Screening of Factors Influencing Pullulan Production by Aureobasidium melanogenum DSM 2404 Using Fractional
Factorial Design
Luo Zaini Mohd Izwan Low
1,2,b), Daniel Joe Dailin
1,2,a), Selly Wong Chew Key
2, Roslinda Abd Malek
1, Dalia Sukmawati
3, Riyaz Sayyed
4, Hesham Ali El-
Enshasy
1,2,51Institute of Bioproduct Development, Universiti Teknologi Malaysia, Skudai, Johor, Malaysia.
2School of Chemical and Energy Engineering, Faculty of Engineering, Universiti Teknologi Malaysia (UTM), Skudai, Johor, Malaysia
3Biology Department, Faculty of Mathematics and Natural Sciences, Universitas Negeri Jakarta, Jakarta, Indonesia
4Department of Microbiology, P.S.G.V.P. Mandal’s Arts, Science, and Commerce College, Shahada 425409 (MS), India
5City for Scientific Research and Technology Applications, New Burg Al Arab, Alexandria, Egypt
a)Corresponding author: [email protected]

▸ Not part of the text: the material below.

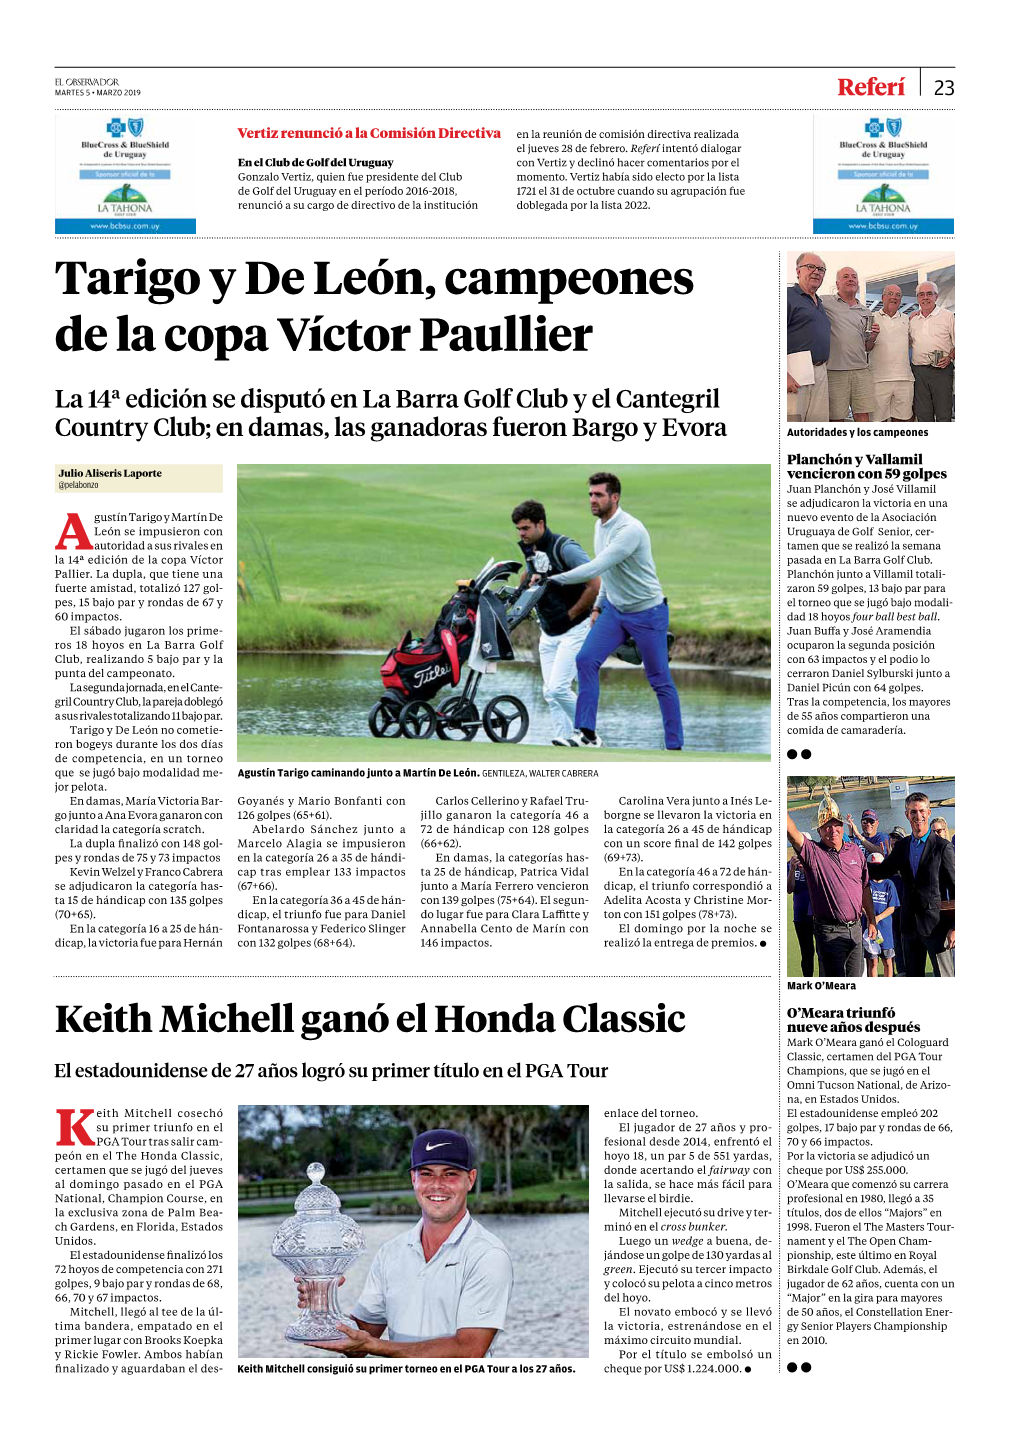 Tarigo Y De León, Campeones De La Copa Víctor Paullier

Abstract. Pullulan is a water-soluble exopolysaccharide which is synthesized by the black yeast-like-fungus, Aureobasidium sp. This polysaccharide is of commercial interest with increased applications in industries such as cosmeceutical, pharmaceutical, energy and food. Despite these applications, pullulan is costly as compared with other type of existing commercial polysaccharides which is a key limiting factor for cost effective applications. Therefore, continues study is required for the purpose of improving the production yield of pullulan. In this study, a total of seven factors were investigated including maltose, yeast extract, (NH4)2SO4, peptone, KH2PO4, MgSO4.7H2O and NaCl for their effects on pullulan production in shake-flasks. Aureobasidium melanogenum DSM 2404 was used in this study and all the seven factors were screened by using a two-level fractional factorial design (Plackett–Burman Design). The result of variance analysis (ANOVA) proposed that there were four statistically significant (P < 0.05) factors in the production of pullulan by using this strain. Maltose, yeast extract, peptone and KH2PO4 were found to have significant effects on pullulan production using the Plackett–Burman Design. The statistical analysis shows that the linear mathematical model is significant with the coefficient of determination (R2) value of 0.8945.
INTRODUCTION
Polysaccharides are considered as main ingredients in chemical, food, and pharmaceutical industries (1). Of different biofactories used for the production of polysaccharides, microbial cells gain more attention based on their high capacity for biopolymer production on a large scale economically. Nowadays, the most widely used polysaccharides are xanthan, dextran, pullulan, kefiran, and alginates beside many new functional biopolymers of mushroom origin (2-12).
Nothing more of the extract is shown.